The cabin is dark except for the faint orange glow from the hearth in the main room. Wind moves against the walls in slow breaths.
Then it comes again. Another voice joins the first. Higher. Sharper. A third. A fourth.
The sound threads through the trees and wraps around the cabin like fingers tightening.
Coyotes. The word lands in my mind, foreign and primitive.
I tell myself that they’re just animals, nothing more. But my body disagrees.
My pulse spikes hard this time — no negotiation, no discipline. My throat tightens. My hands curl into the blanket’s edge.
The howling rises again. Many tones layered into a pack.
I sit up too quickly and the room tilts. Memories resurface of the cold, but not this mountain’s cold. Russian winter cold.
A door slamming.
Laughter somewhere outside.
Stay there. You’ll be fine.
The sound of something circling in the dark.
I push the image away, but it clings like frost to my skin. I don’t want to remember.
The coyotes crescendo again, and something inside me fractures. I swing my legs off the bed and step onto the wooden floor.
The door to the bedroom is half-open. I didn’t leave it that way. Another howl. This one closer.
I move toward the hallway before pride can stop me. He is already awake. I find myself happy that he is.
Memory is a cruel equalizer.
Hawk stands near the living room window, posture angled toward the sound. The firelight outlines him in bronze and shadow.
And in his hand — a gun ready if needed. He turns his head slightly when he hears me. The pack howls again. My composure shatters one more inch.
“It’s nothing,” he says quietly. “Just coyotes.”
Just.
He lowers the weapon, but he doesn’t set it down. I hate that I’m standing here.
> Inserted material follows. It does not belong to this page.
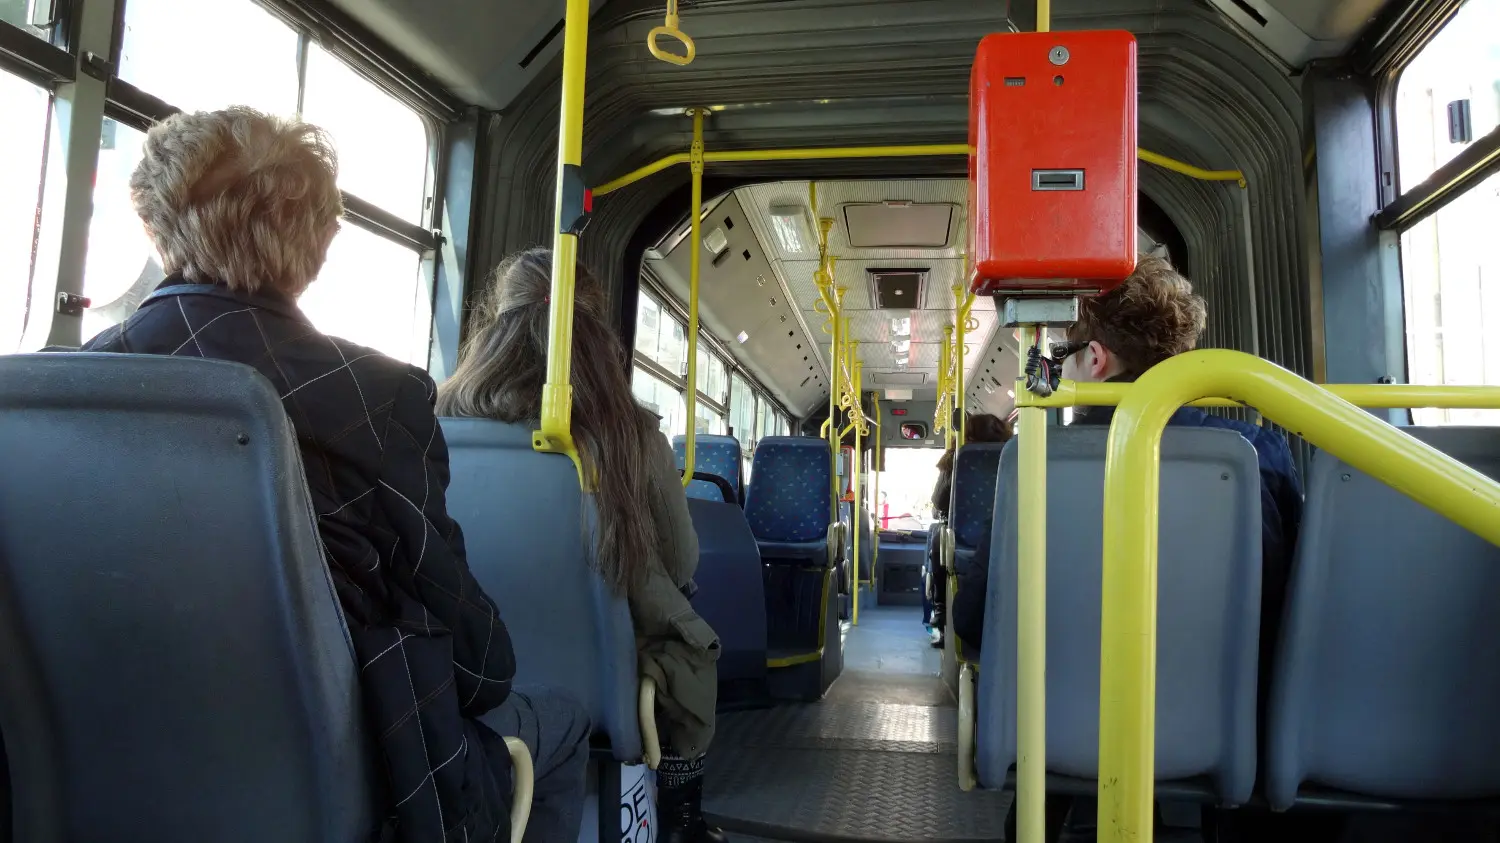 Αττική: Επιβάτιδα πηδάει από παράθυρο λεωφορείου για να αποφύγει έλεγχο – Βίντεο ντοκουμέντο

That I walked out. That he can see the crack in my control.
“They travel in groups,” I say before I can stop myself.
“Many predators do.”
His tone isn’t mocking. It’s factual.
Another chorus rises outside, longer this time, echoing through the trees. My breathing stutters. I swallow it down.
“It’s not the sound,” I say, staring at the dark window. “It’s what it means.”
He studies me for a few seconds.
“What does it mean to you?”
I don’t answer. Because I don’t want to explain that once, years ago, they told me the countryside was quiet. That I would be safe for the night. That no one would bother me.